We displayed frequency distributions using the Kriging algorithm of Surfer 8 using the geographic points indicated in figure 1. The haplogroup E distributions were based on a total of 1,704 samples from throughout ISEA (Hill et al. 2006, 2007; authors’ unpublished data), 184 from West Papua (authors’ unpublished data), and 962 from Taiwan (Tajima et al. 2003; Trejaut et al. 2005; authors’ unpublished data). The frequencies displayed in Taiwan correspond solely to Austronesian-speaking aboriginals. The distribution of the haplogroup E sequences is shown in supplementary table S1 (Supplementary Material online). All the haplogroup E sequences identified on the basis of their HVS-I motif in ISEA were further checked by sequencing for position 10834 (defining E1). Samples with the control region transition at position 16051 were checked by sequencing for the position 8730 (defining E2a) and 8 Indonesian and 4 Taiwanese from the E1 branch that lacked either one of the informative control region variants (at nps 16291 or 16261) were checked for np 6620 position (defining E1a). Published data from China, Thailand, Malaysia, West Papua, and Australia were also included in the analyses (van Holst Pellekaan et al. 1998; Fucharoen et al. 2001; Kivisild et al. 2002; Tommaseo-Ponzetta et al. 2002; Yao et al. 2002a; Yao et al. 2002b; Yao and Zhang 2002; Wen, Li, Gao, et al. 2004; Wen, Li, Lu, et al. 2004; Wen, Xie, et al. 2004). There are 3 potential haplogroup E sequences in a Chinese data set of 2,618 sequences (i.e., 0.1%), 2 in southern China (Kivisild et al. 2002; Yao et al. 2002b) and 1 in western China (Yao et al. 2000) which may be “accidentals” from ISEA/Taiwan. The East Asian data sets were additionally used to build a frequency distribution map for M9a.

Results

Haplogroup M9

The phylogenetic tree of M9 with reconstructed character evolution is shown in figure 2. Although M9a is restricted to mainland Asia and Japan, the deepest branches in the clade encompassing it (pre-M9a) are found in Indo-China, China, and Taiwan and the next deepest in ISEA. M9b is the result of the earliest split from pre-M9a within M9 but its phylogeographic usefulness is minimal due to its apparent extreme rarity, with only 2 instances to date in southern and western China (Wen, Li, Gao, et al. 2004; Kong et al. 2006). Along with the finding of an unclassified M9* lineage in the aboriginal inhabitants of Malaysia (Macaulay et al. 2005) and the insular distribution of haplogroup E itself this distribution suggests that M9 as a whole is most likely to have had a Southeast Asian origin, ∼50,000 years ago. M9a itself appears to have spread north into the East Asian mainland ∼15,000 years ago, after the last glacial maximum (LGM). This is supported by the phylogeography of HVS-I variation: to date almost all the deeper branching lineages within the published pre-M9a HVS-I data are found in southern China and Southeast Asia and all northeast Asian lineages belong to M9a, itself as characterized by a transition at np 16316.
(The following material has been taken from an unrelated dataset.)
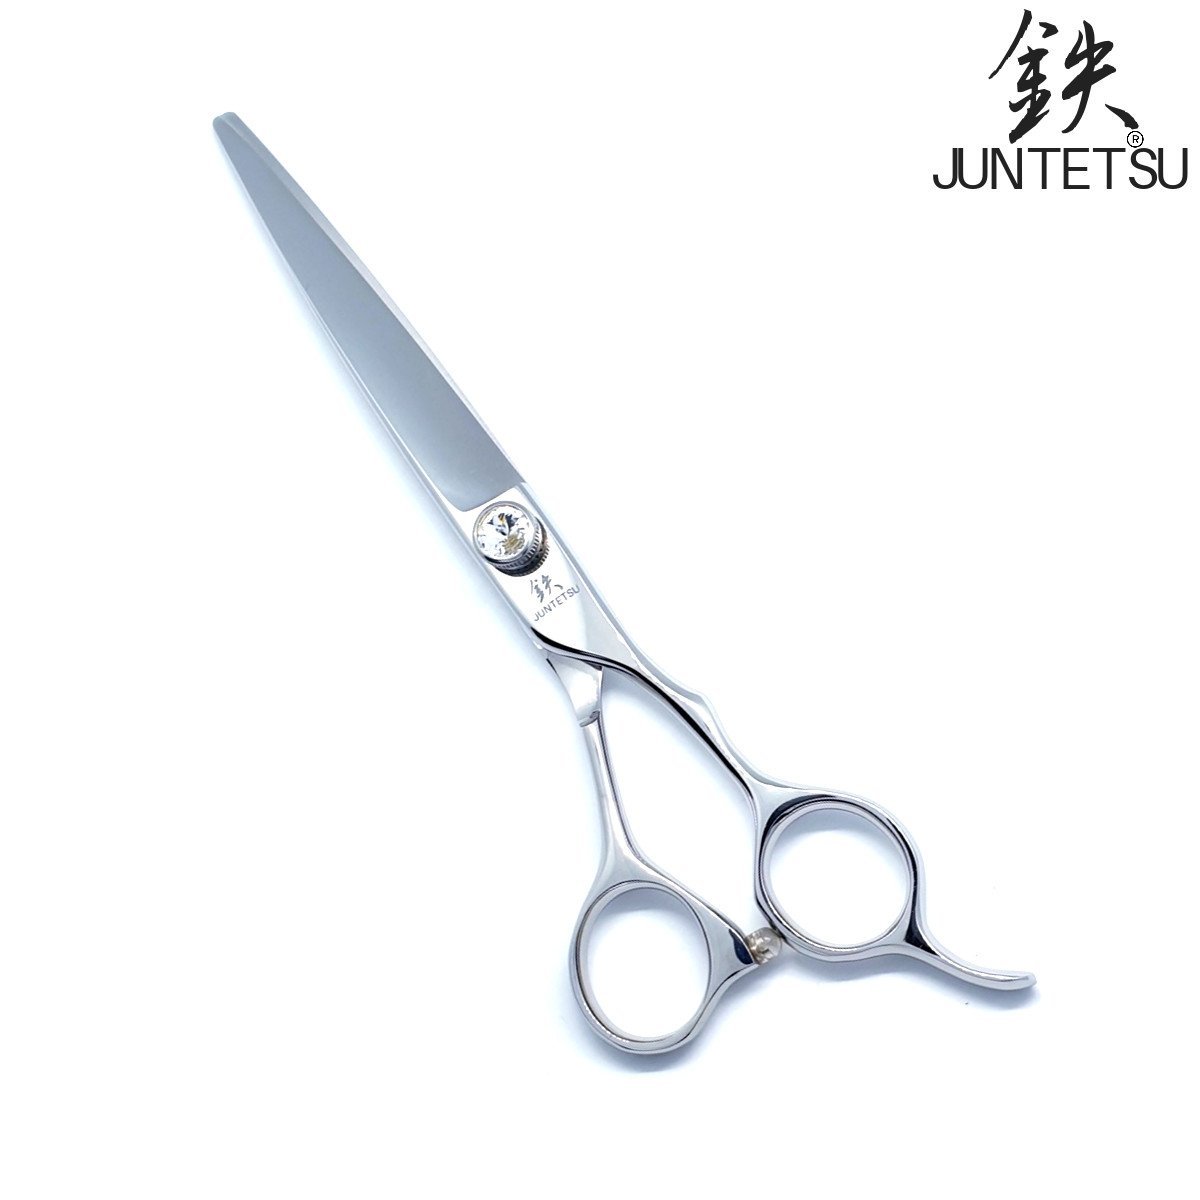 Juntetsu Snow Hair Cutting Scissors

It is worth noting that M9 is only defined by a single nucleotide change, at position 4491, and its status as a clade may therefore be open to some doubt. A database of ∼2,000 published mtDNA coding region sequences suggests that position 4491 evolves slowly in the global mtDNA tree, where we just detected 6 occurrences in more than 10,000 mutations. Nevertheless, it is possible that the Malaysian outgroup labeled M9* may in fact be the result of an independent mutation at position 4491. The link between haplogroups E and pre-M9a is slightly stronger as it also includes a mutation at the control region site 16362, although this position is fast evolving (Bandelt et al. 2006). The inferred ancestry of pre-M9a in Southeast Asia provides an additional phylogeographic argument for a common ancestry. None of our principal arguments to follow rely on the inferred reality of M9 as a clade, but the phylogenetic link would strengthen the case for their common ancestry in the original Sunda population.

Haplogroup E

Haplogroup E itself has a likely time depth of more than 30,000 years but falls into 2 major subclades, E1 and E2, which are ∼17,000 and ∼9,500 years old, respectively (fig. 2). They are each subdivided into 2 further principal subclades, E1a, E1b, E2a, and E2b, which range from ∼4,500 to ∼11,500 years old. These subclades have a very distinctive geographic distribution, which is highly informative about the demographic history of the region. Although all 4 subclades are found in ISEA, so that ISEA lineages occur throughout the tree, only 2 of the 4 (E1a [fig. 3a] and E2b [fig. 3d]) are found in Taiwan. The remaining subclades, E1b (fig. 3b) and E2a (fig. 3c), are both largely restricted to ISEA, albeit extending occasionally to New Guinea and the Malay Peninsula, suggesting that both arose in ISEA and dispersed fairly recently east and west. Of the 2 subclades shared with Taiwan, E2b, which is only 4,300 (±2,300) years old, falls into 2 branches, both present in ISEA, with the Taiwanese lineages forming a clear, shallower founder subclade. In other words, the diversity of E2b seen in Taiwan is a subset of the clade found in ISEA. This implies an origin in ISEA and subsequent migration to Taiwan.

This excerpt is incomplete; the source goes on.